By the way, I still do most of my reading on my e-ink Kindle 3.


----------



## Guest (Jan 14, 2012)

nice move!


----------



## Xopher (May 14, 2009)

Interesting move. I can completely understand. Handling my wife's 7" tablet definitely weighs less than my 10" tablet. The larger screen suits me better, and my wife doesn't like the weight of mine. If it does everything you need it to do, there is no reason to have multiple devices that do nearly the same things.
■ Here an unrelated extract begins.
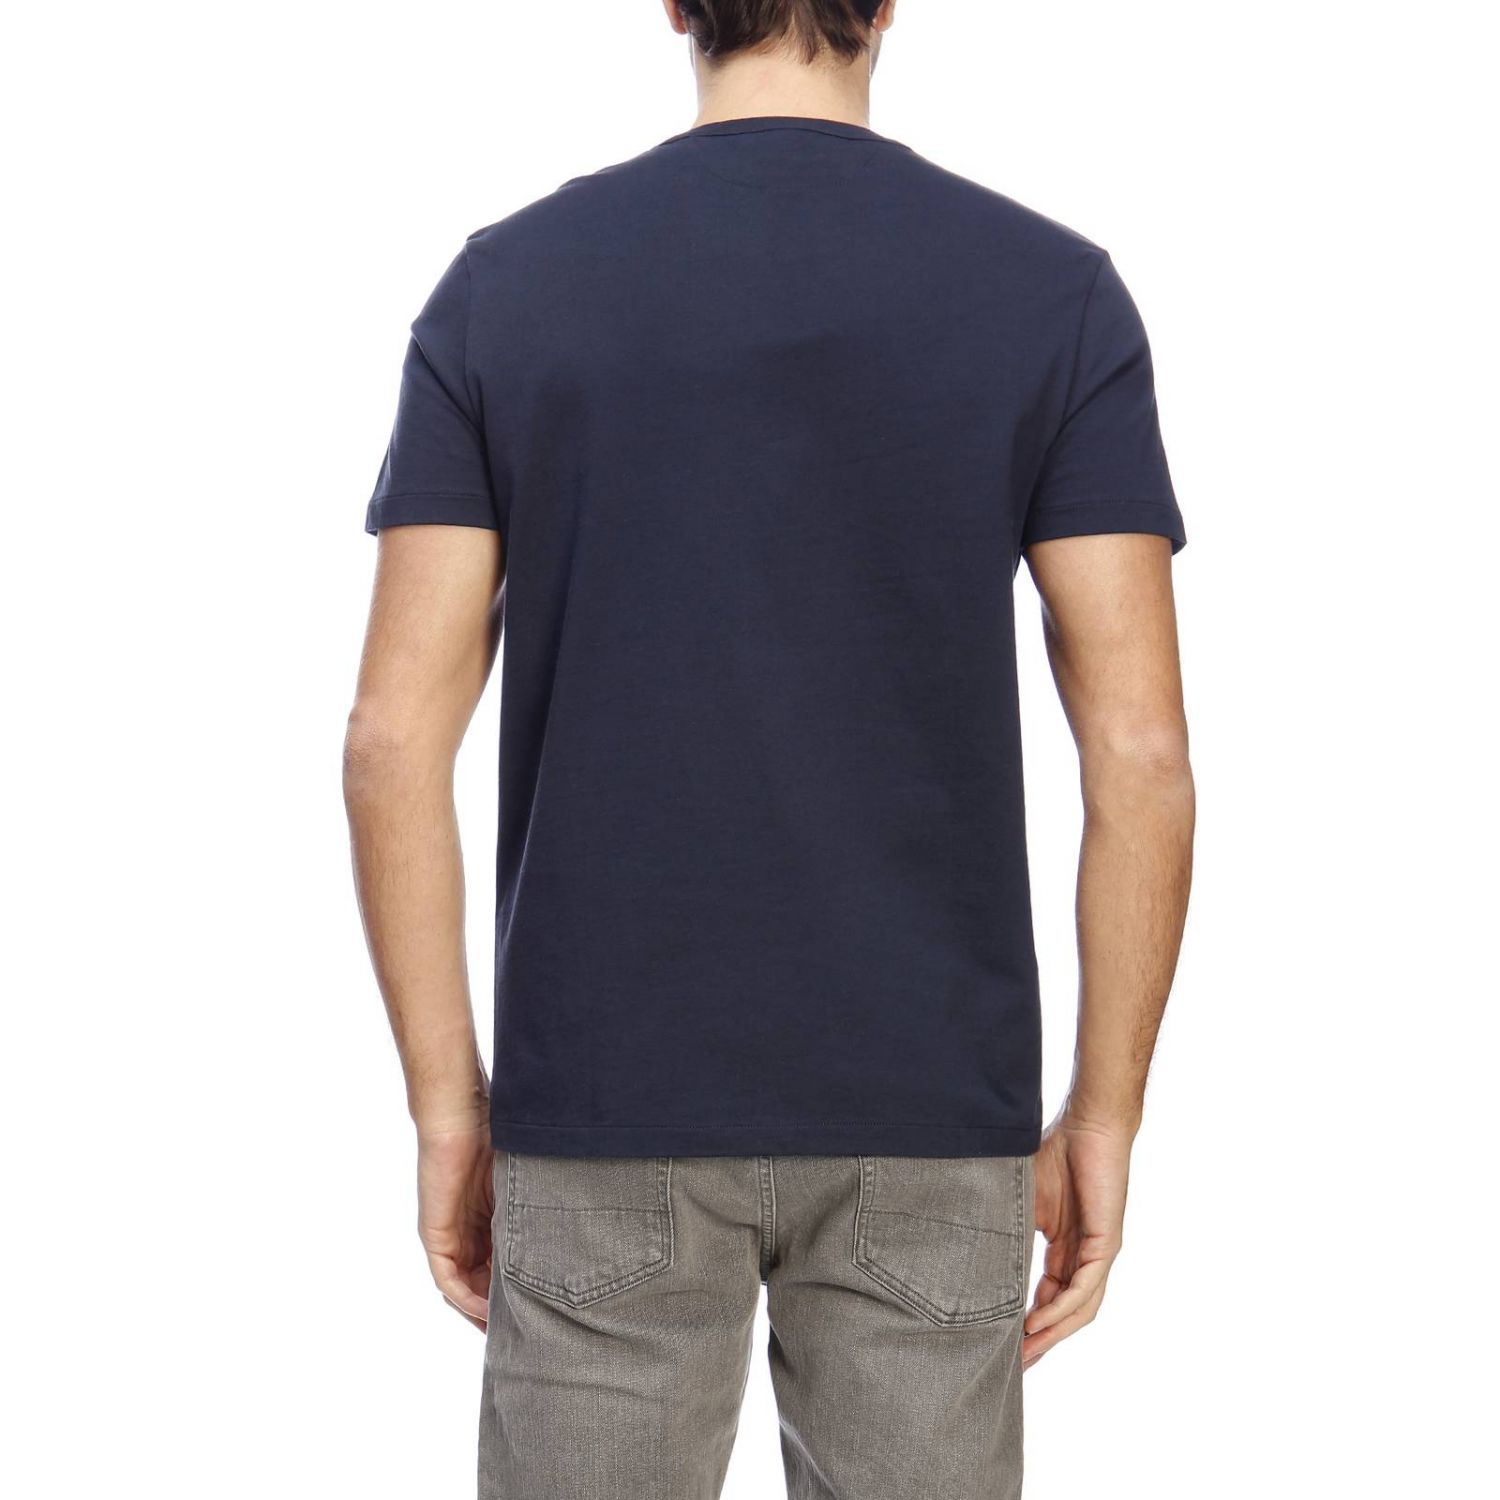 Tom Ford Outlet: t-shirt for man - Navy | Tom Ford t-shirt TFJ902BS402 ...

Sent from my gTablet using Tapatalk.


----------



## auntmarge (Dec 4, 2008)

I had a similar experience - sold my iPad2 and kept the Fire. I don't miss the iPad _at all._


----------



## JimC1946 (Aug 6, 2009)

And I thought I was all alone.


----------



## racheldeet (Jan 21, 2010)

JimC1946 said:


> And I thought I was all alone.


This! I sold mine as well. I don't really need a $600 device to watch Netflix and read books, after all!


----------



## JimC1946 (Aug 6, 2009)

You know, I miss the iPad the most for web browsing, where the bigger screen was a real plus. But I'm getting used to the smaller screen and the way that the Fire's browser handles favorites. I use the Fire mostly in the portrait mode, but I go to landscape for web browsing, where the font size is bigger. I'm also finding the Amazon Basics stylus to be helpful.


----------



## Leslie (Apr 7, 2008)

JimC1946 said:


> And I thought I was all alone.


I sold my iPad before my Fire even arrived. It's in a good home and being constantly used, something that didn't happen when I owned it. Now if they would just come out with a version of W.E.L.D.E.R. for the Fire, I'd be a completely happy camper.

L


----------